И Сигвальди рассказал.
— А третье предсказание? — печально осведомился епископ. — Помимо смерти его матери и войны с Данией?
— Третье — самое плохое. Даг предаст отца и погубит Йомс.
— Пальнатоки не сказал об этом сыну?
— Найдутся те, кто расскажет, — мрачно пообещал Сигвальди. — Вы можете не верить, но найдутся многие, кто верит.
— А чего хотите вы? — проницательно глянул клирик. — Вряд ли вы увлечены судьбой парня.

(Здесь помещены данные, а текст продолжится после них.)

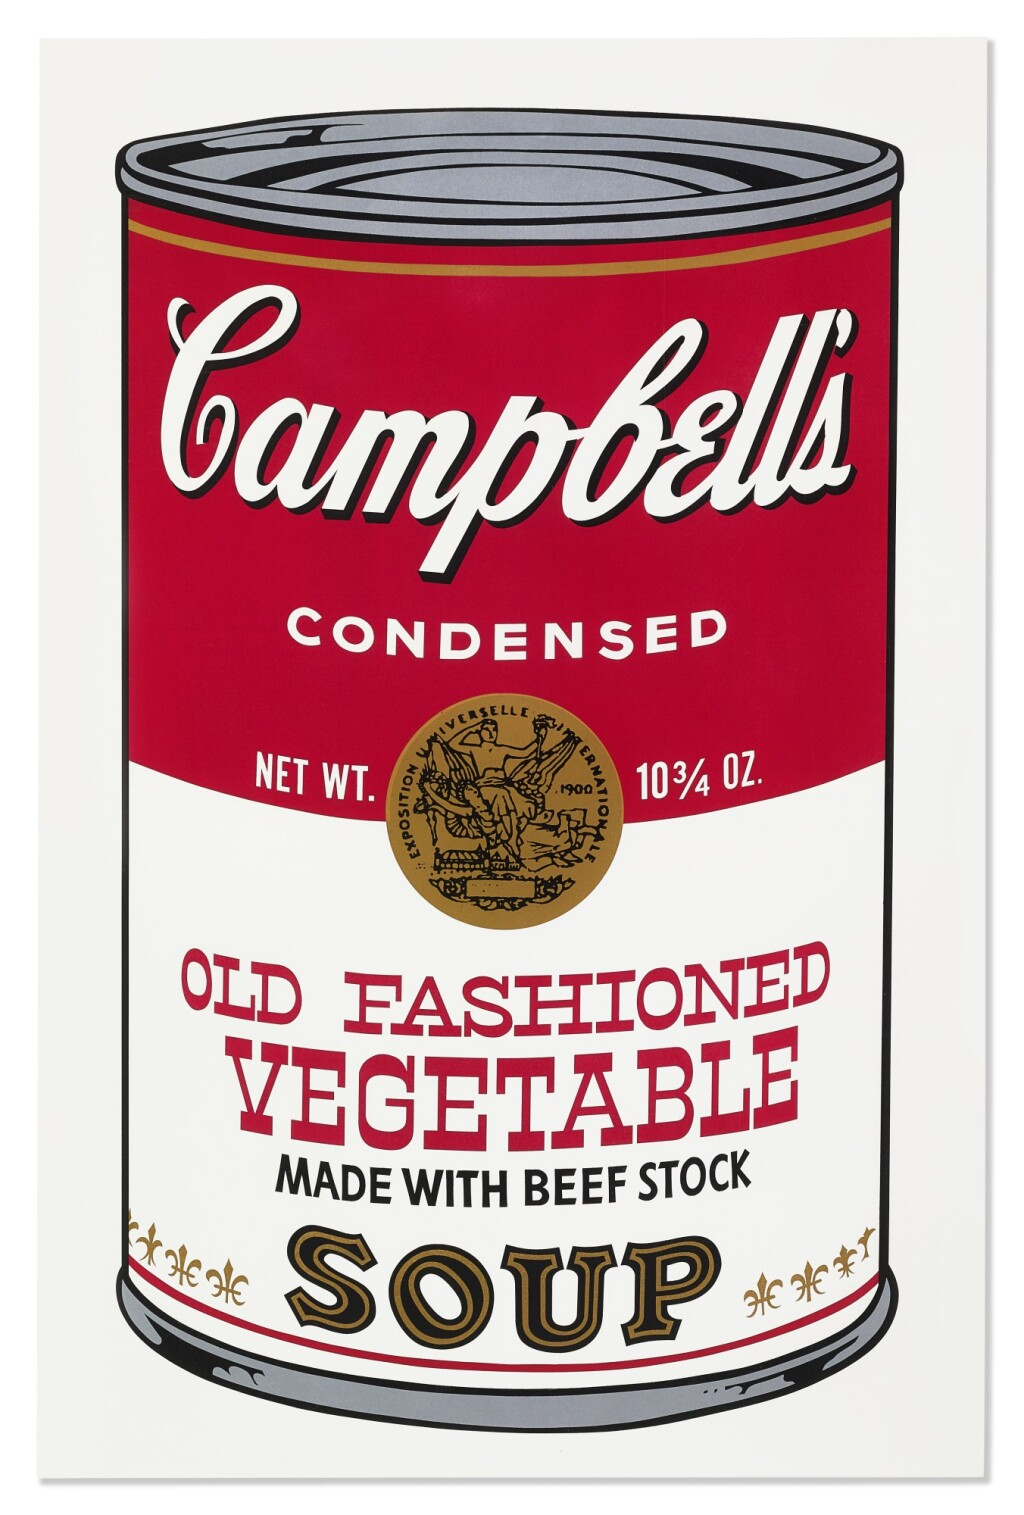 ANDY WARHOL 安迪·沃荷 | CAMPBELL'S SOUP II: OLD FASHIONED VEGETABLE (II.54) 金寶濃湯 II:傳統蔬菜(II.54)

— Я хочу процветания Йомсу. Я не хочу, чтобы против Токи затевали тяжбу верные ему люди.
— Честный ответ. — Отец Поппо подергал себя за губу. — И что мы можем сделать вместе?

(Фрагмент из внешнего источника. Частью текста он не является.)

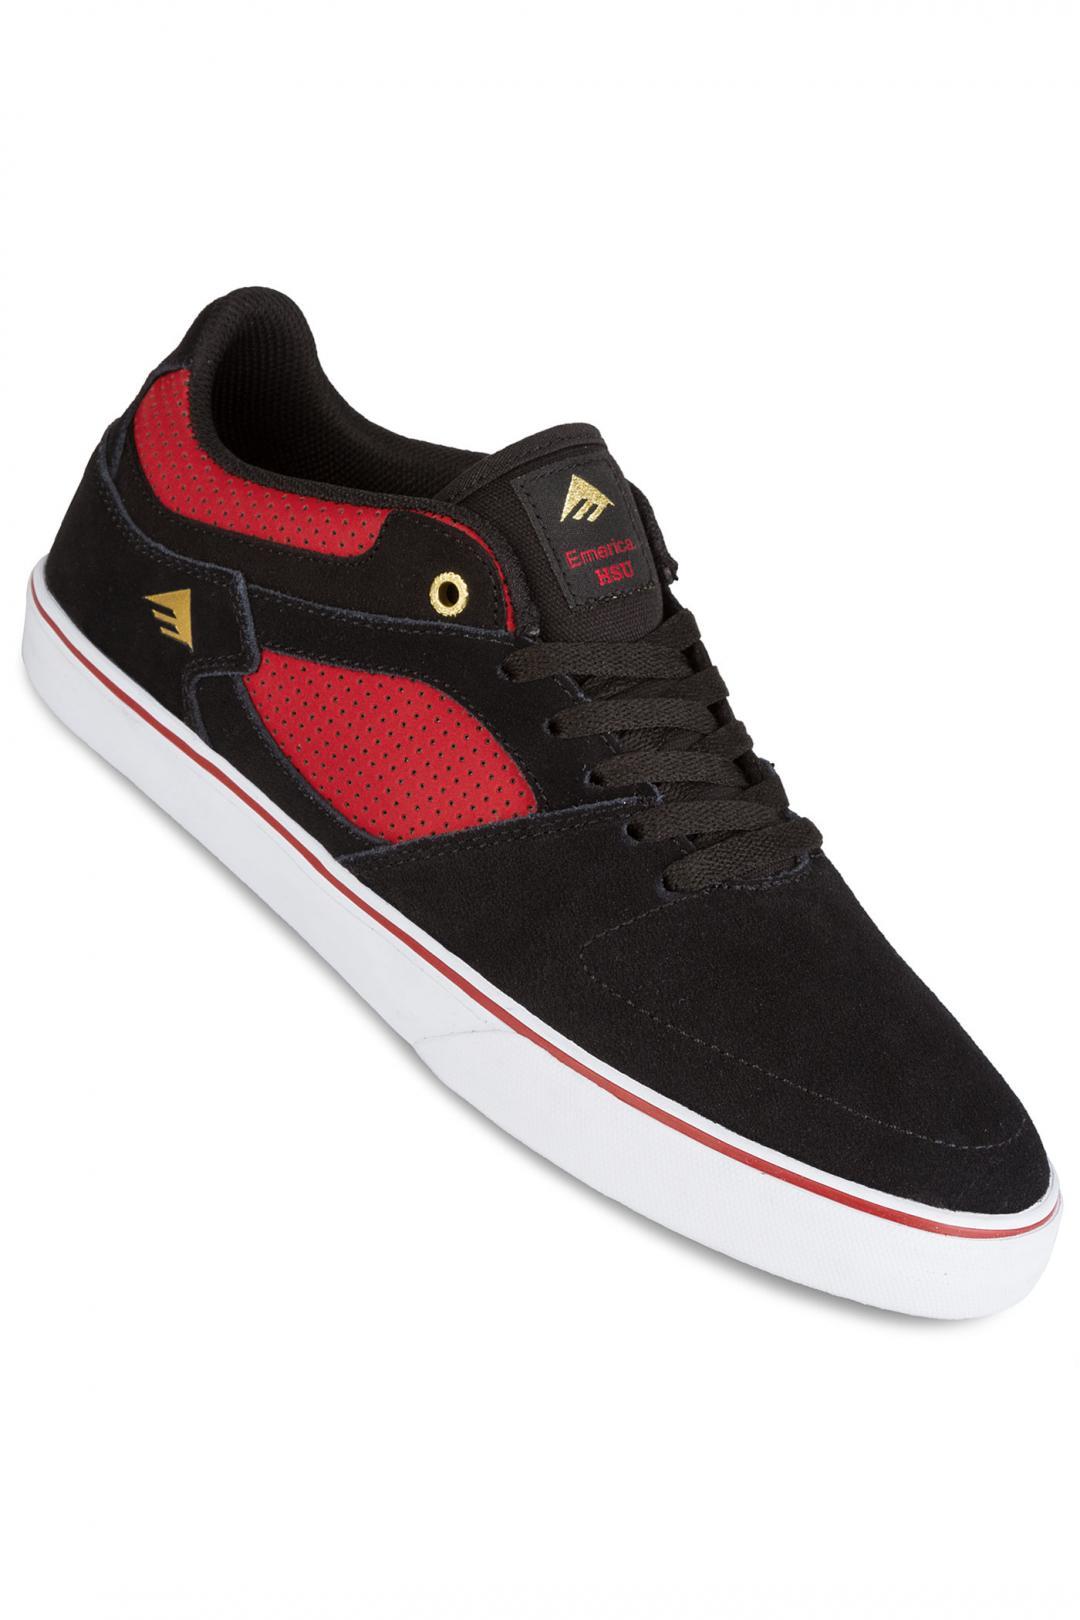 Uomo Emerica The HSU Low Vulc black red | Sneakers low top

— Так вот, когда придет время мира, мы можем с вами вместе позаботиться о сыне Токи, — настойчиво ласково продолжал Сигвальди, — раз мы оба любим его. А вы ему сполна отплатите за ваше спасение.
— Что же я должен сделать? — подобрался епископ.
— То, что сделал бы любящий отец для своего сына. Увезите его.
Глава тридцать девятая,
в которой Белый бог кроит новые карты, а отец предает сына
Под грохот барабанов армии Оттона вторично перешли в наступление. Второй попытке предшествовала глубокая разведка. Строители подняли несколько высоких башен, вдоль всех изломов Даневирке, чтобы оттуда, с продуваемых ветрами качающихся площадок, наблюдать за врагом. Башни находились за пределами полета обычной стрелы, но стрелометы Синезубого периодически пришпиливали шпионов к хлипким сосновым доскам. В обход вала император послал десятки лазутчиков. В основном — из тех же данов, беглых преступников, скрывавшихся от правосудия на чужбине. Иных поймали и пытали, но некоторые вернулись обратно с ценными сведениями. Главная новость сводилась к тому, что Харальду больше не собрать подмогу. Харальд тоже засылал шпионов, и выловить всех в громадном лагере никто не мог. Они легко просачивались через кордоны, подсаживались к кострам, заводили беседы. Кого ловили — пытали жестоко и с удовольствием, выспрашивая про планы врага. Однако рядовым не положено знать мысли вершителей. Поэтому, после недели раздумий и совещаний, так и не вычислив хитрости друг друга, вожди почти одновременно подняли полки.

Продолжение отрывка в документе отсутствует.